Своего двора он не узнал. Коммунхоз оттяпал половину усадьбы, и стояло теперь вдоль улицы новое барачное общежитие — в каждом окошке разные шторки.

На это можно наплевать тоже. Земля эта Федору без надобности. Главное — повидаться, успокоить мать по пути в дальние края. Оклематься, как говорят на Урале. Вон, за углом общежития, родимое окошко в синих ставнях показалось.

Эх! Мать ты моя!…

В августе сорок второго станицу занял немец. Жители чуть не поголовно оставили дома, двигались пыльным просёлком в горы. Мать не плакала, только стала тёмная лицом и будто ссохлась вся. Тянула на себе гружёный возок, двухколёсную тачку, связав оглобли верёвкой. Верёвка тёрла ей шею и плечи, но она не из-за это-то останавливалась часто, а из-за малого Федьки, который семенил рядом, придерживаясь за оглоблю.

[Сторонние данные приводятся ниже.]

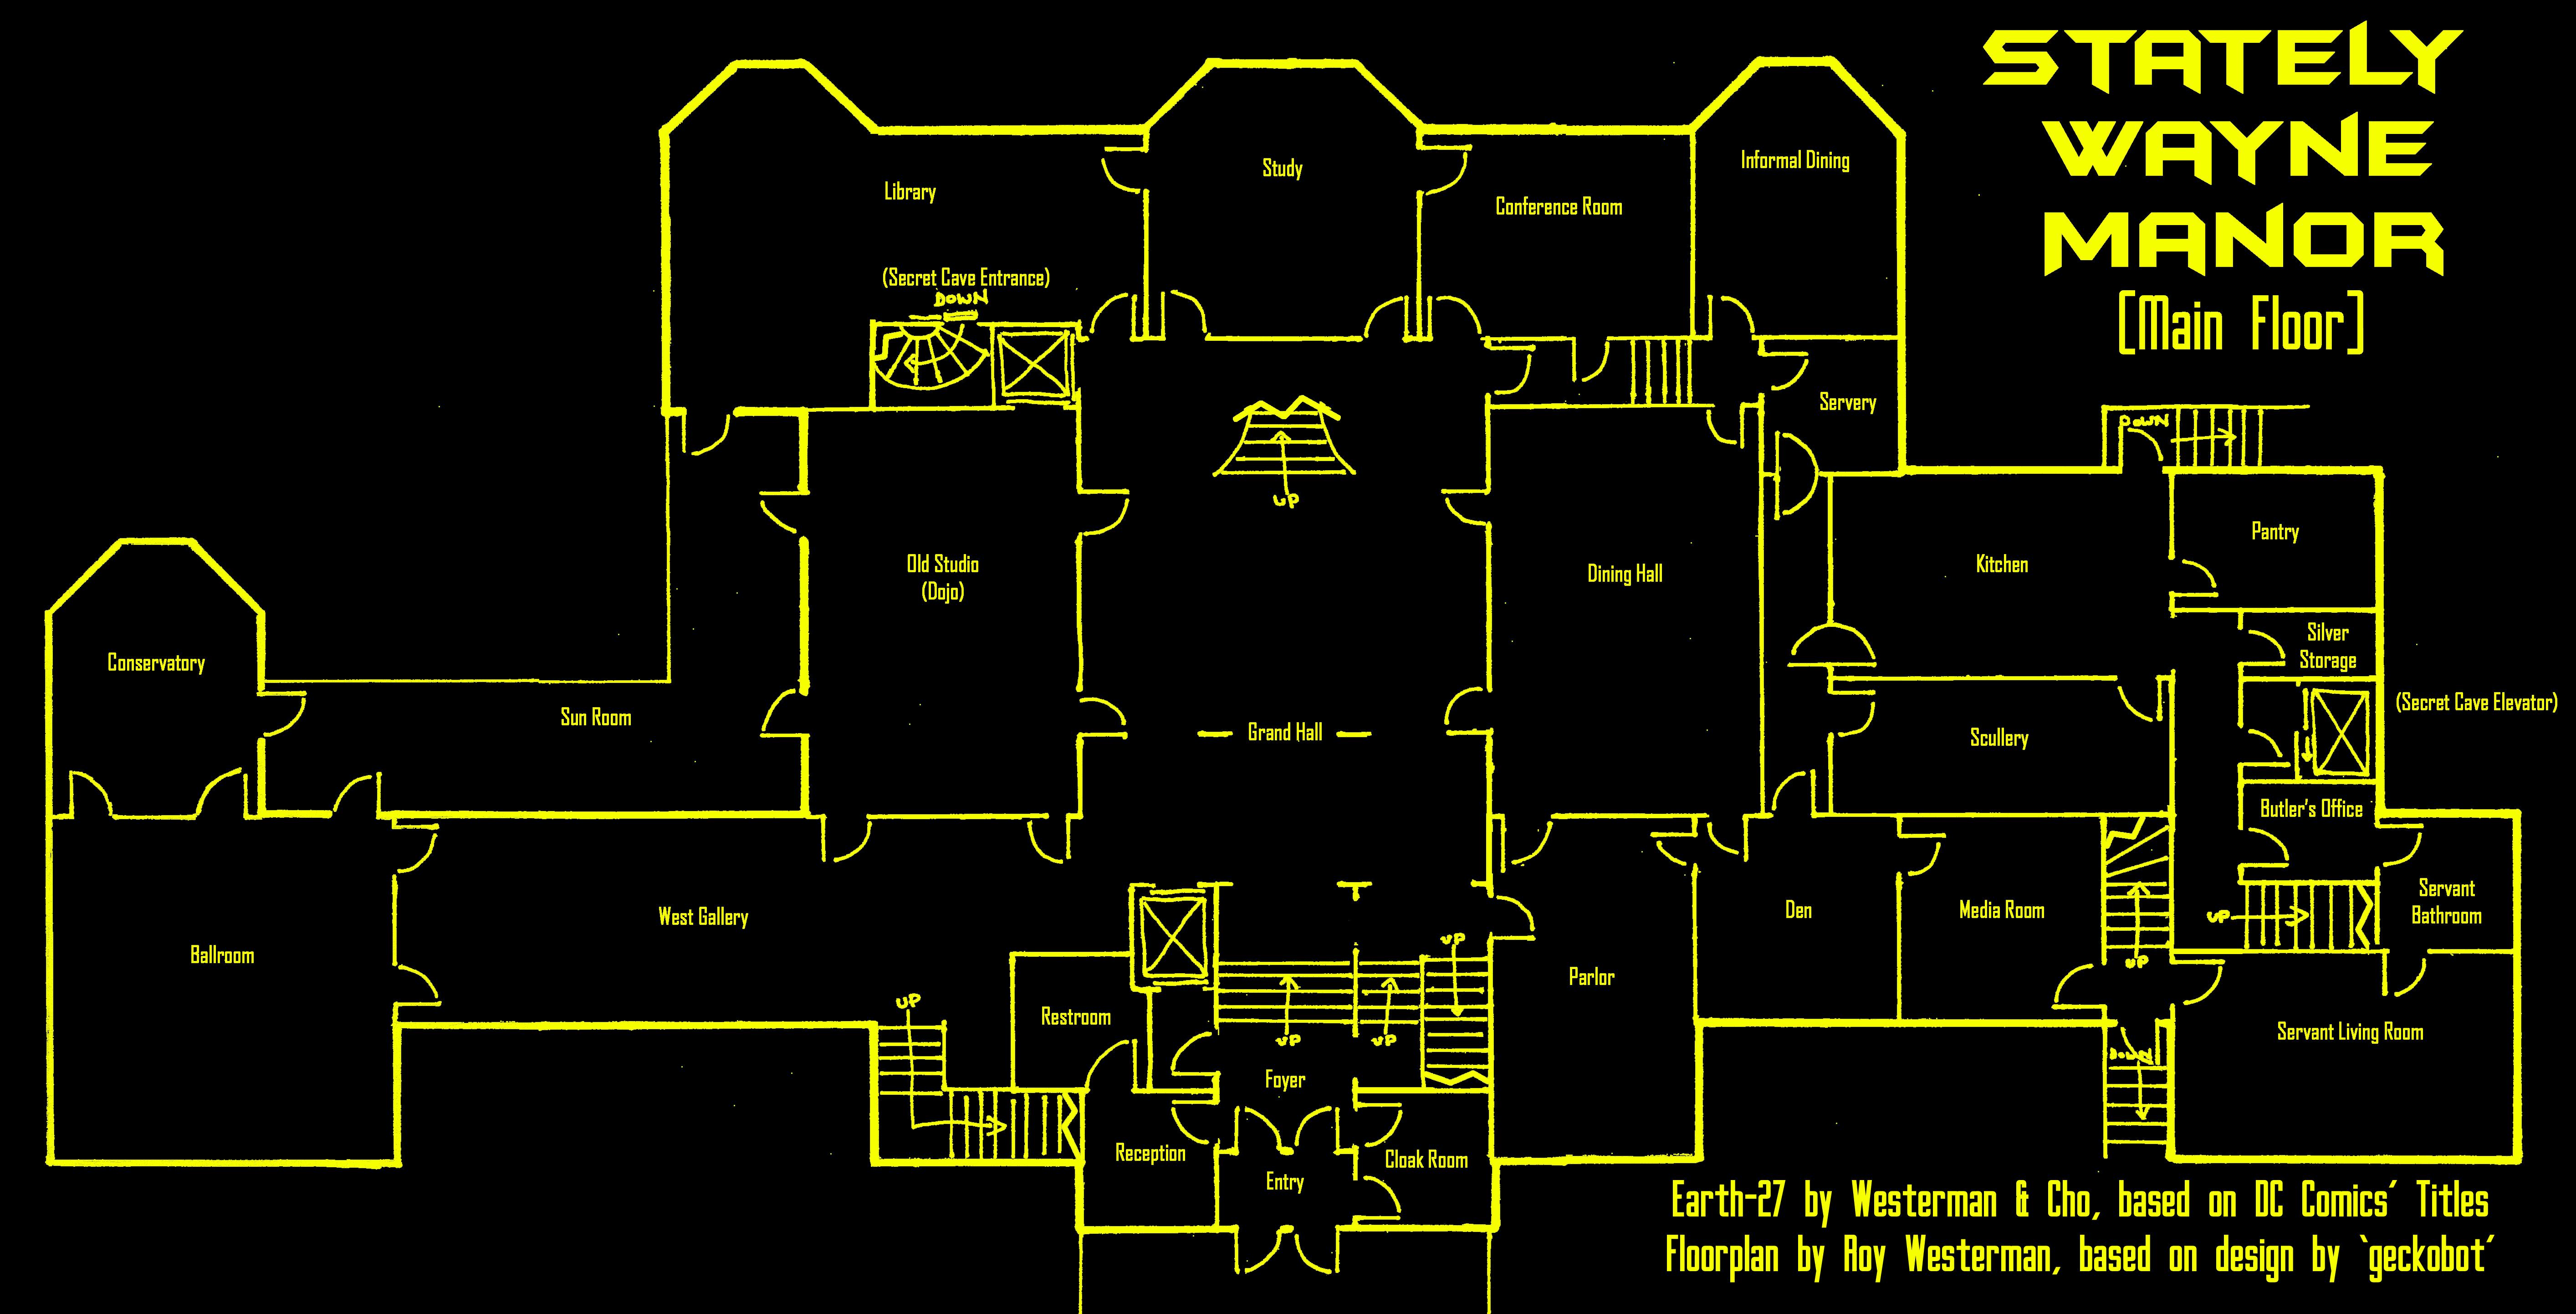 Earth-27's Wayne Manor - Upper by Roysovitch on DeviantArt

— Не устал ты, сынок? — спрашивала мать, переводя дух.

— Не-е-е.

— Ну, пройдём ещё немного…

Многие запрягли в бедарки коров, а мать отдала корову перед отступлением в колхозное стадо и везла теперь скарб на себе. Тянула возок по крутым горным дорогам. Федька, вцепившись в оглоблю, изо всех сил помогал ей.

— Не устал, сынок?…

Останавливаясь, она все с ним разговаривала, а пот, который выедал ей глаза, отирала на ходу о плечо.

Федька перебирал босыми ногами — до сих пор помнит, что пыль на той дороге была мягкая и горячая.

Ночами, на привалах, она размачивала в воде чёрные, каменно-твёрдые сухари (они были с примесью мякины и желудей) и давала Федору. А когда укладывала спать, то садилась рядом и тихонько перебирала пальцами у него в волосах.

Когда мать сама ела и спала, он не видел.

Запомнилась на всю жизнь пыльная, жаркая дорога и мать с растрепавшимися, рано поседевшими волосами — в оглоблях, неловко вытирающая пот.

4

Через забор увидал знакомую полусогнутую спину в линялом ситце горошком, размашисто хлопнул жидкой штакетной калиткой.

— Мам!

Женщина распрямилась, выронив ведёрко, поднося скрюченную ладонь к виску, к пепельным косицам:

— Федюня? Ты, что ль?

Федор остановился, споткнувшись о чемодан.

Не мать, кума Дуська виновато щурилась в съехавшем набок материнском платочке, переступала в испуге в своих старых ноговицах с калошами.

Постарела соседка-то!

— А я тут… жердел вздумала куриным помётом подкормить, сохнет он что-то, — вроде оправдываясь, пояснила кума Дуська. — Руки-то у меня, прости господи… О-ой, да какой ты здоровенный стал, Фе-е-дя! Иди, иди в хату, я сейчас обмоюсь, дура старая…

Кума Дуська засеменила с ведром к сараю. А из сарая выкатился с паническим плаксивым лаем крошечный щенок и, осев на задние лапы, начал с порядочного расстояния рычать. Размером он был не больше варежки, над бровями желтели два невинных пятнышка, и рычание выходило ещё картавым, но щенок храбро выставлял напоказ острые зубы. Сторожил пустой двор.

Федор засмеялся и присел, протягивая руку.

— Ишь ты какой! Ну, иди, иди ко мне, давай знакомиться! Ты, конечно, хозяин тут, не возражаю, но и я вроде не гость… Как тебя? Полкан, Шарик чи Джульбарс? Иди же, волкодав!